* Instructions to follow
Begin at the line holding "โฉมใหม่! Thai PBS Now ดูทุกวัน ทันทุกเทรนด์" and set down exactly each line through the last one below, omitting pictures. Include nothing else.

Material for this exercise START

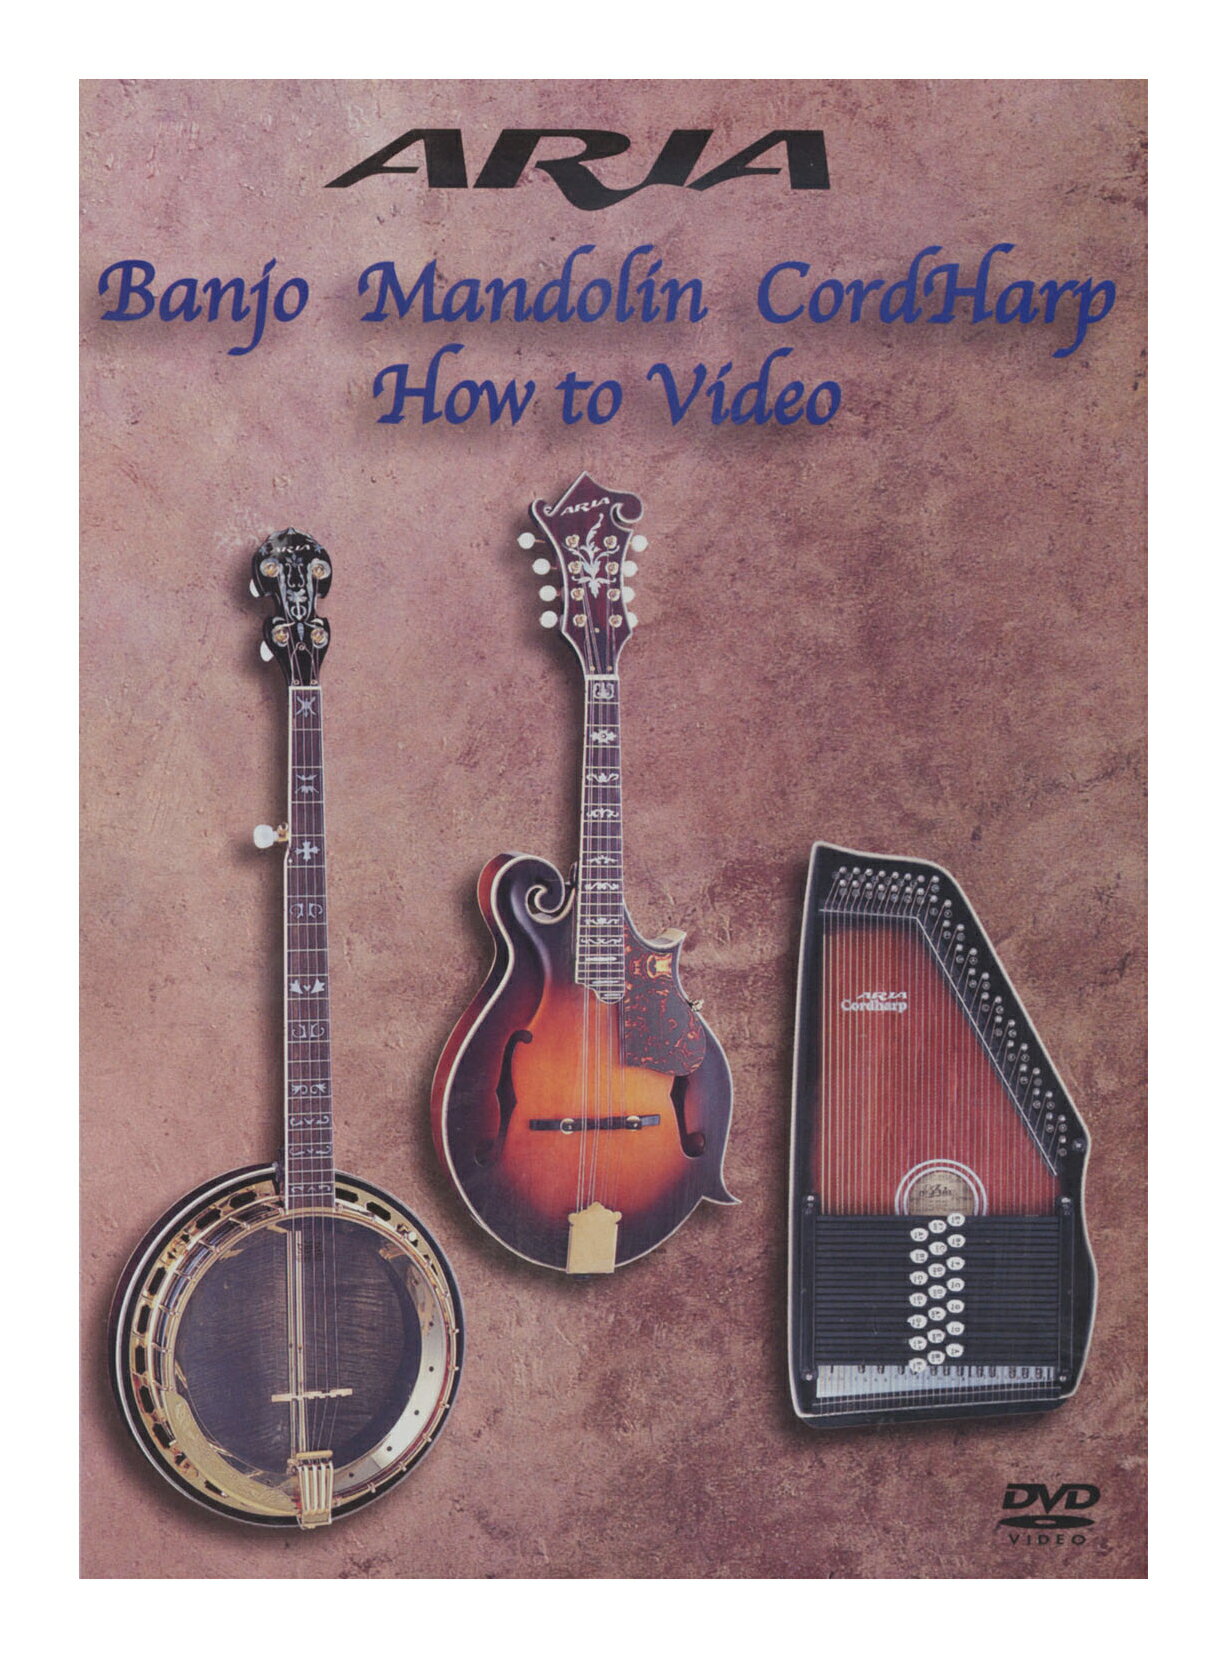 【メール便・送料無料・代引不可】ARIA 5弦バンジョー/マンドリン/コードハープ入門 教則DVD Banjo Mandolin Cord Ha…
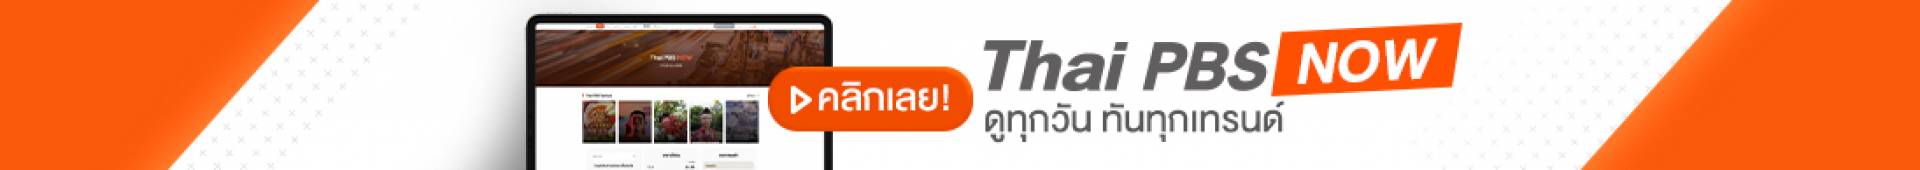 โฉมใหม่! Thai PBS Now ดูทุกวัน ทันทุกเทรนด์
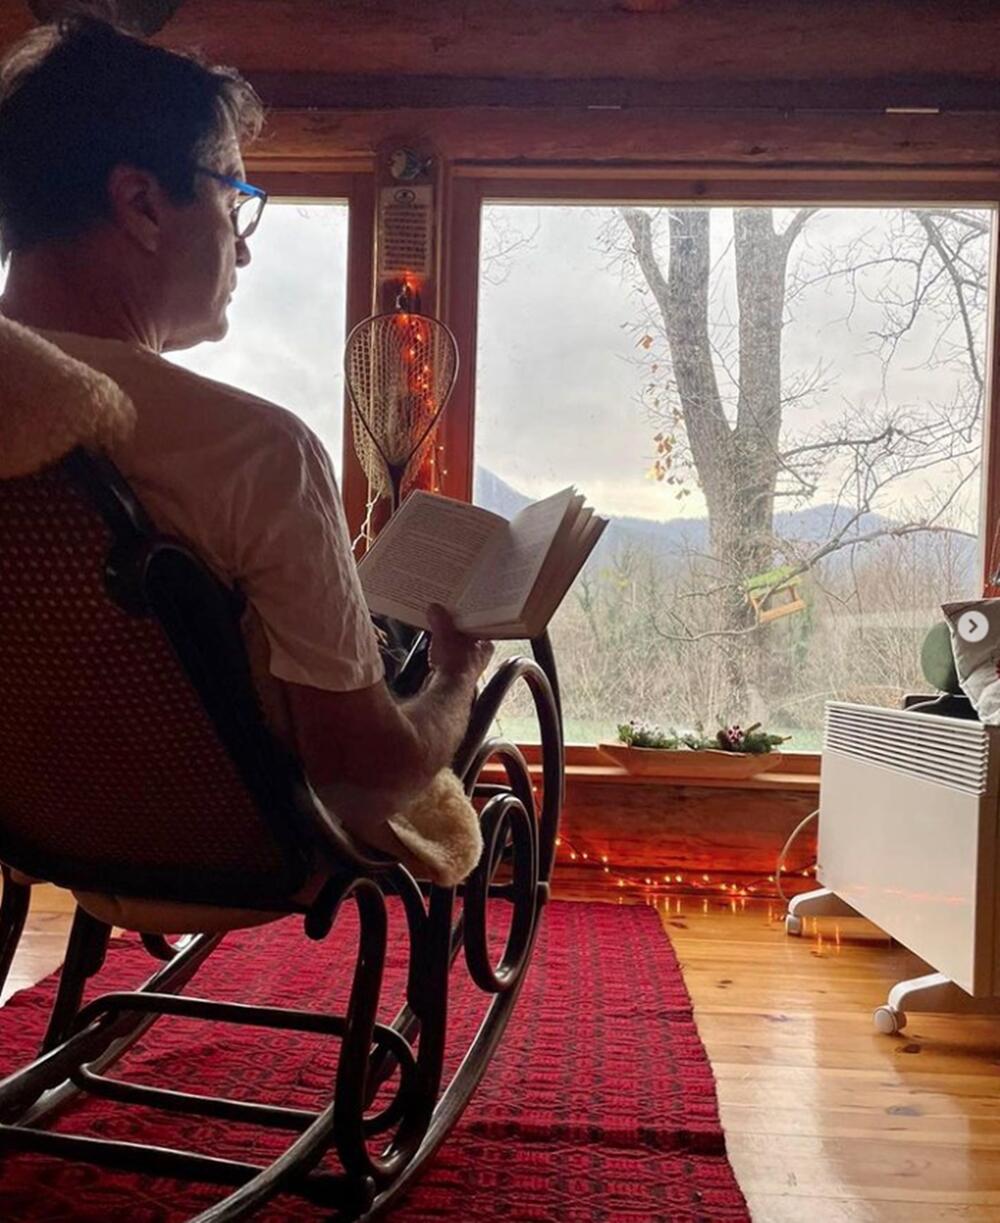 Jovan Memedović čita knjiga u svom domu u prirodi
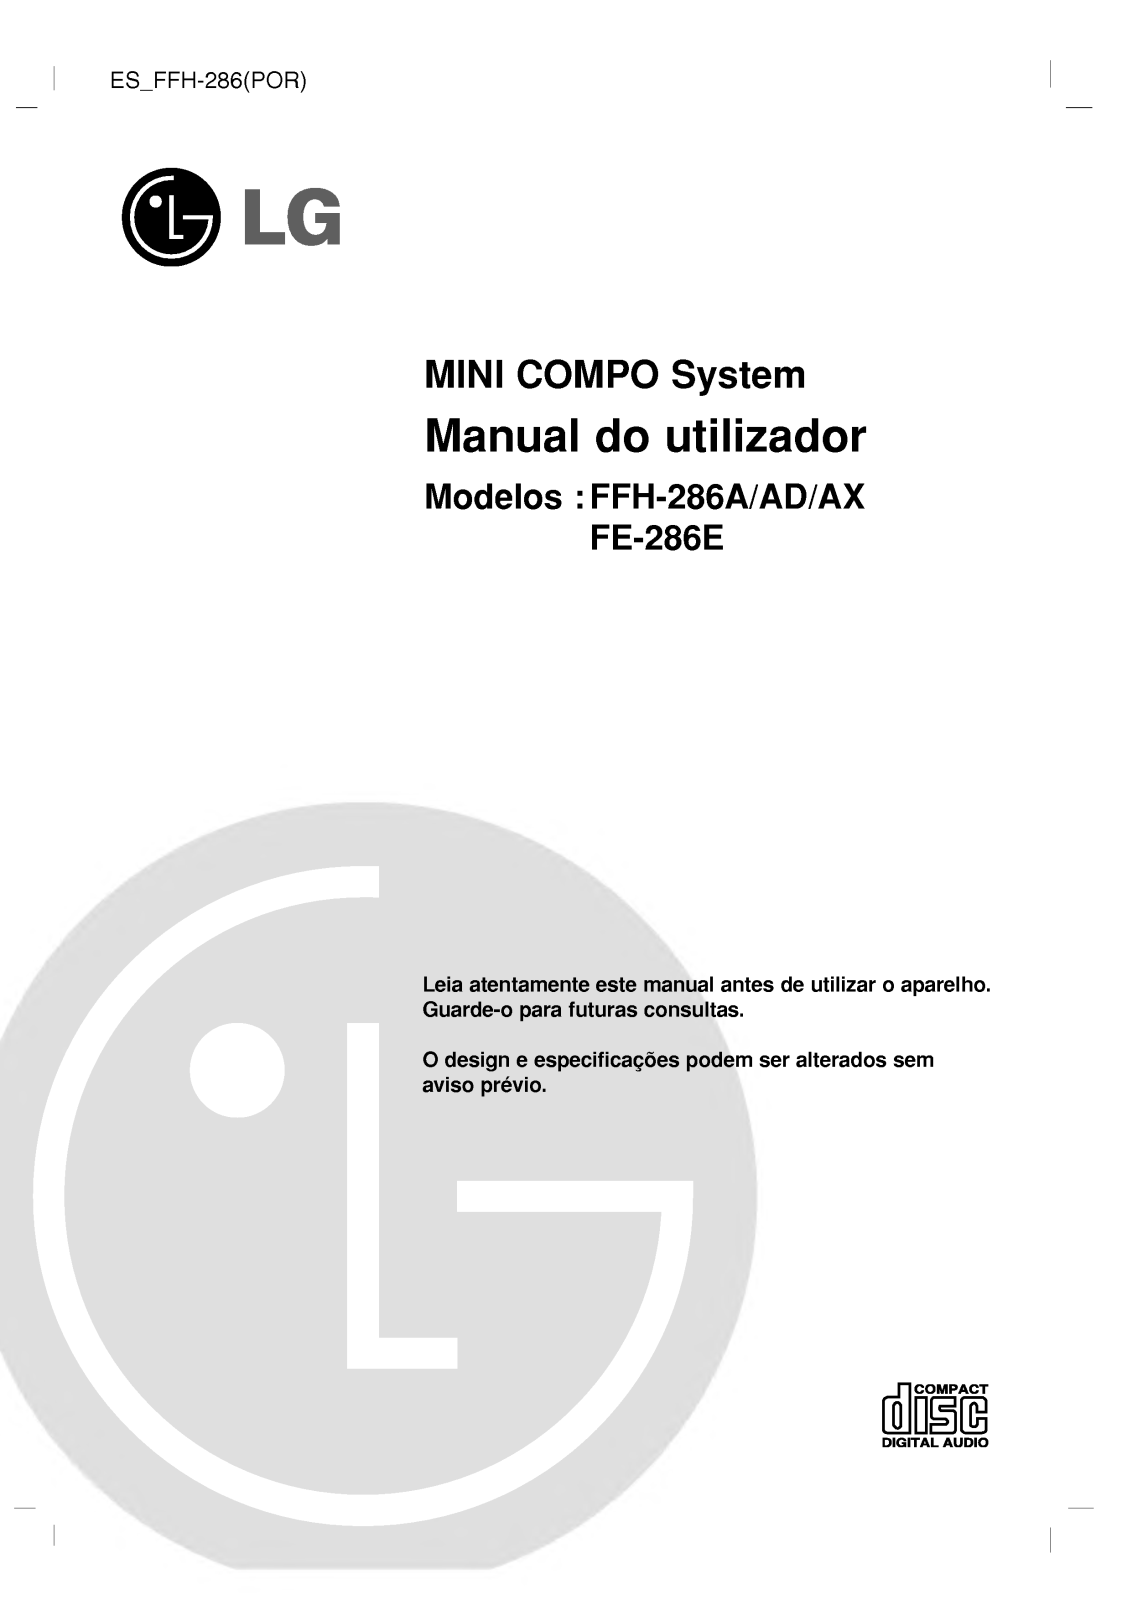 Lg FFH-286a, FFh-286AD, FFH-286AX, FE-286E User Manual
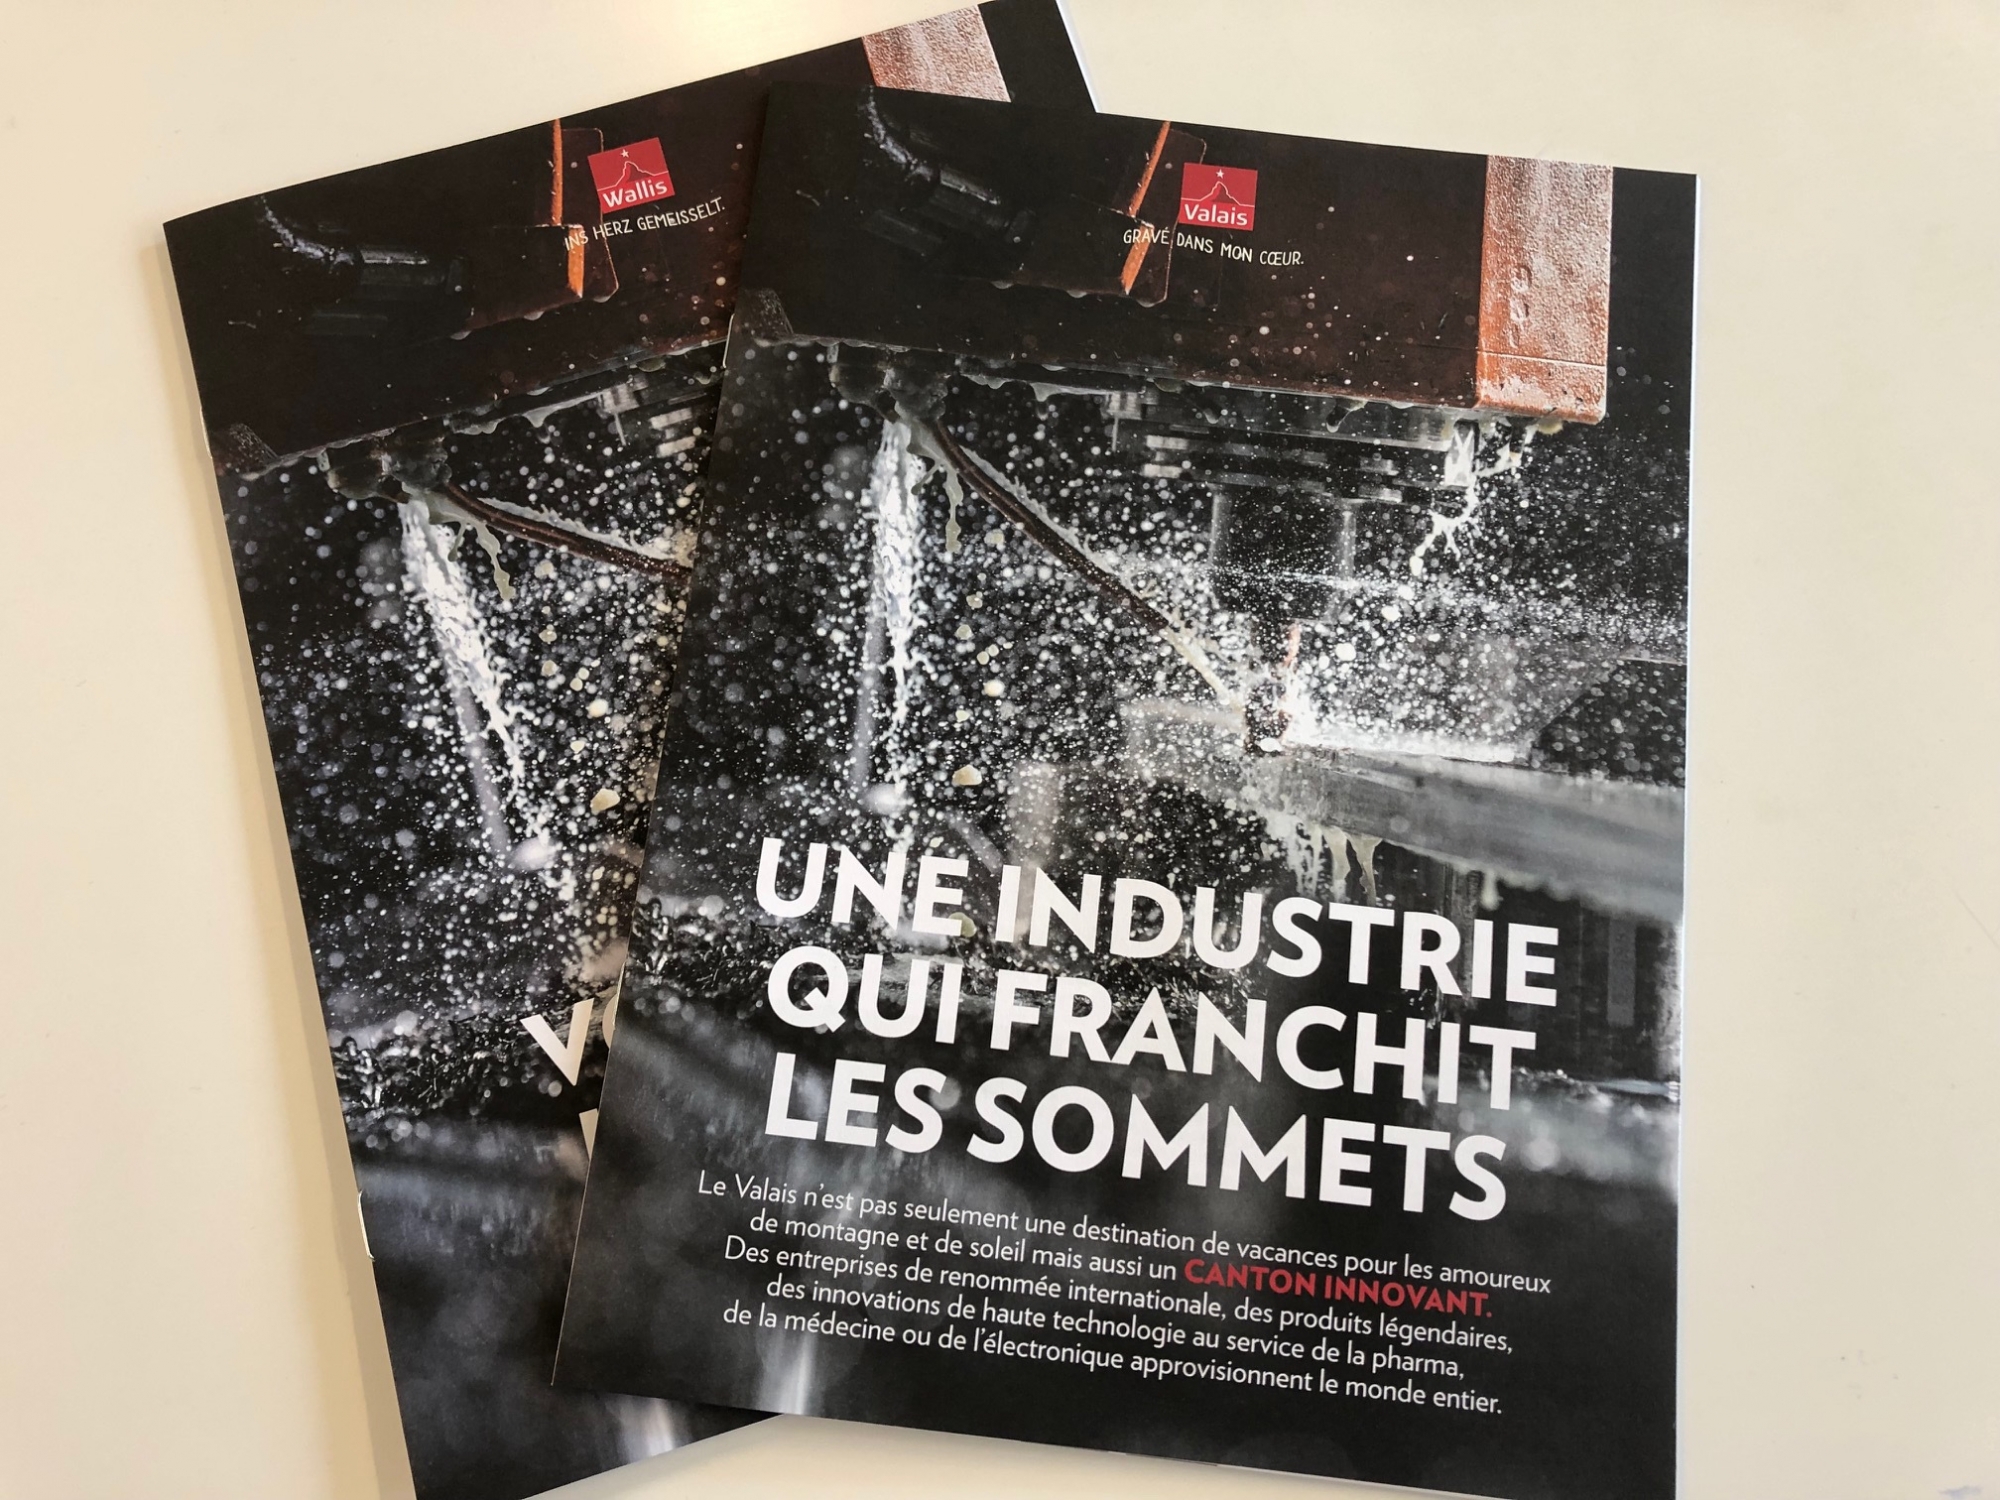 Une brochure présentant le Valais industriel et innovant a été distribuée en Valais.

Material for this exercise END

* Answer space
 โฉมใหม่! Thai PBS Now ดูทุกวัน ทันทุกเทรนด์
 Jovan Memedović čita knjiga u svom domu u prirodi
 Lg FFH-286a, FFh-286AD, FFH-286AX, FE-286E User Manual
 Une brochure présentant le Valais industriel et innovant a été distribuée en Valais.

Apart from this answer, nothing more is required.